-- Task goal --
The listing below must be returned in full and unchanged, without the images it carries.
-- Supplied data follows --
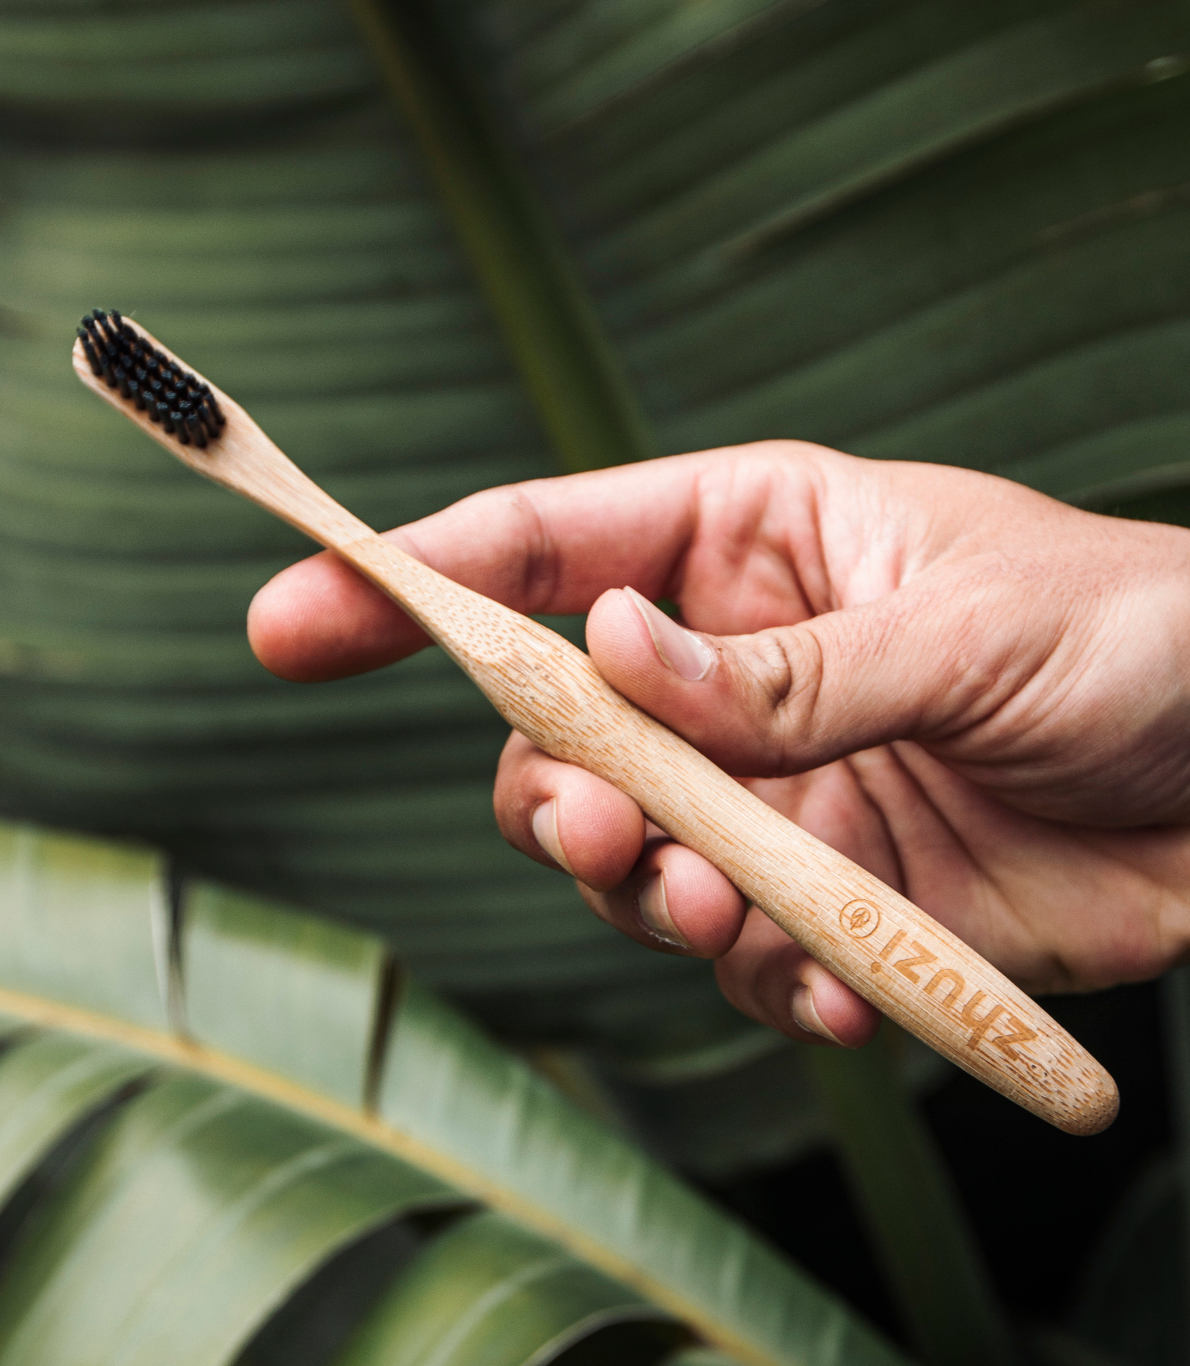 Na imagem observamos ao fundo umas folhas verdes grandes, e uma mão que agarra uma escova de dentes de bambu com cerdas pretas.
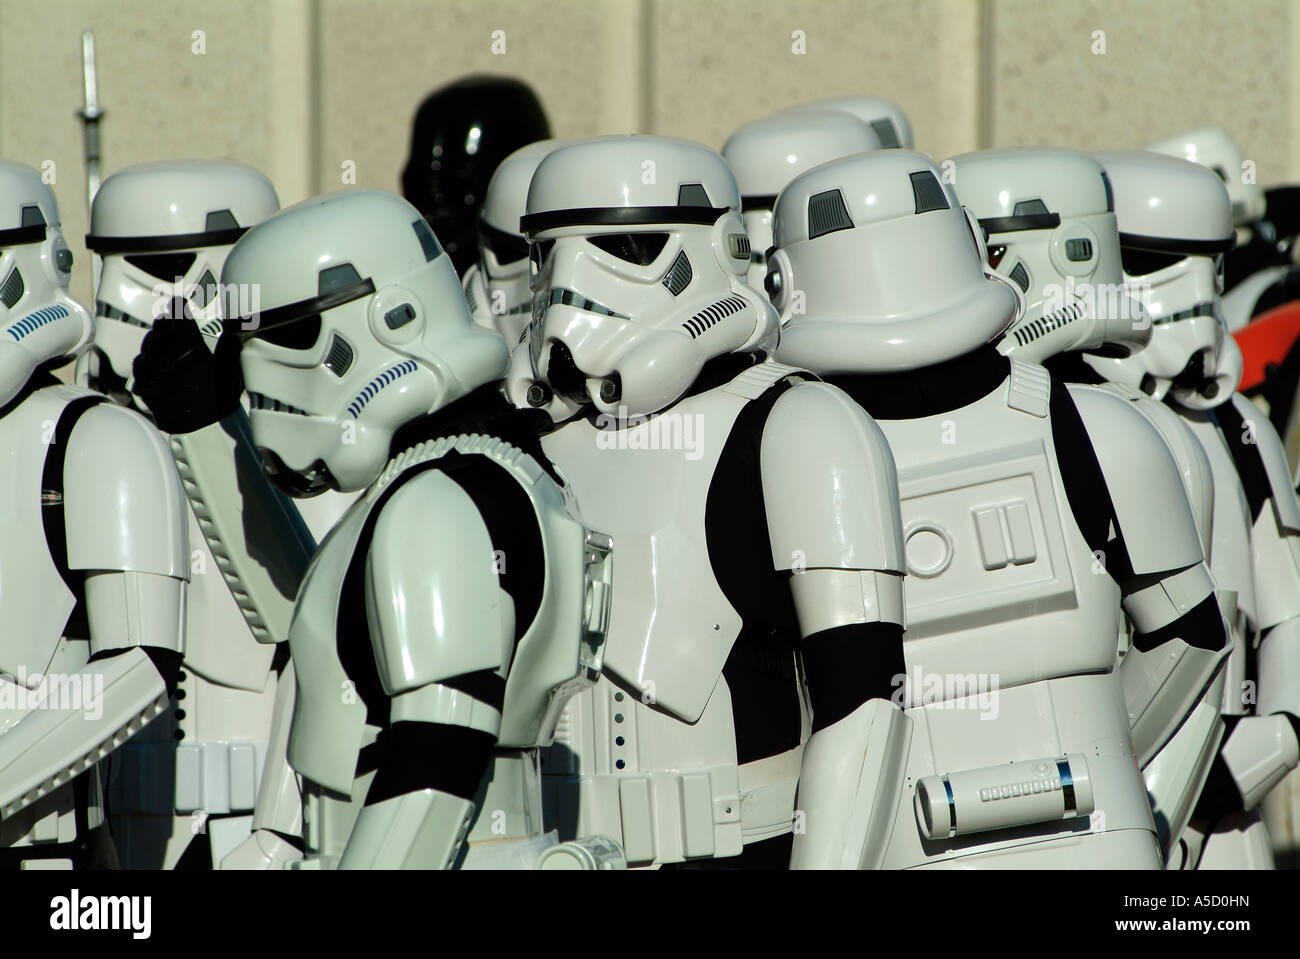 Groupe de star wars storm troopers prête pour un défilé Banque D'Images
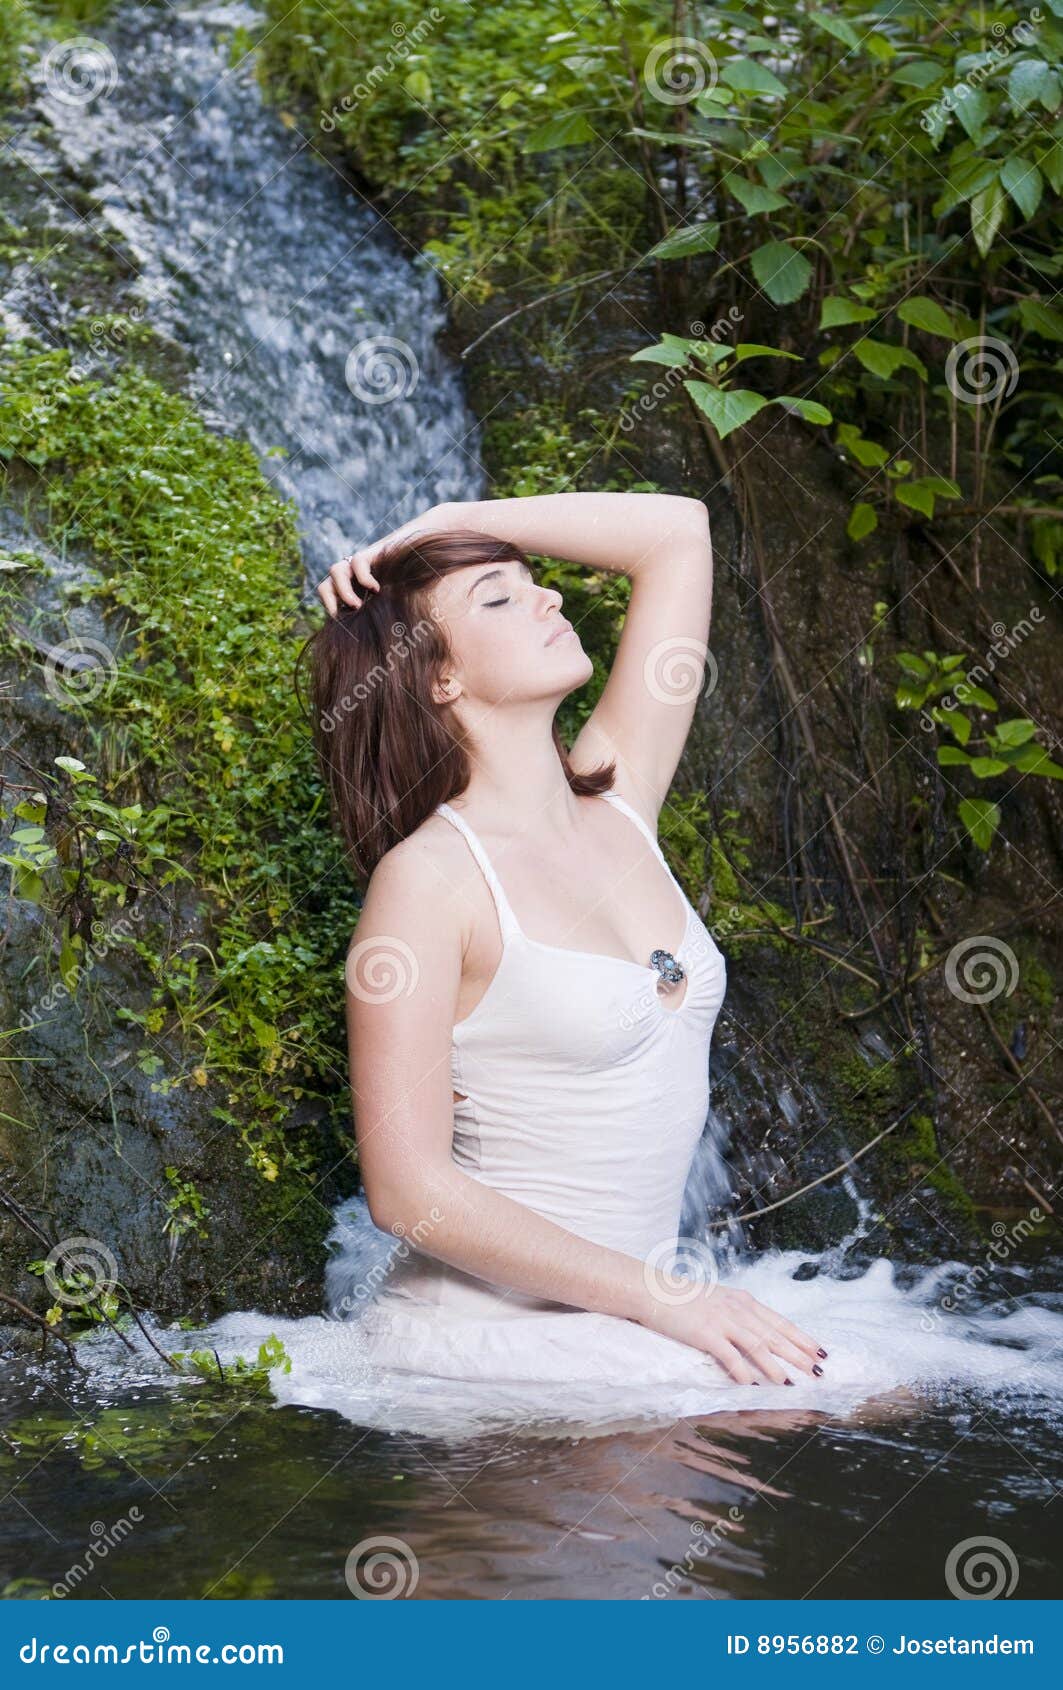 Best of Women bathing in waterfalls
-- Supplied data concluded --
-- Result of the exercise --
 Na imagem observamos ao fundo umas folhas verdes grandes, e uma mão que agarra uma escova de dentes de bambu com cerdas pretas.
 Groupe de star wars storm troopers prête pour un défilé Banque D'Images
 Best of Women bathing in waterfalls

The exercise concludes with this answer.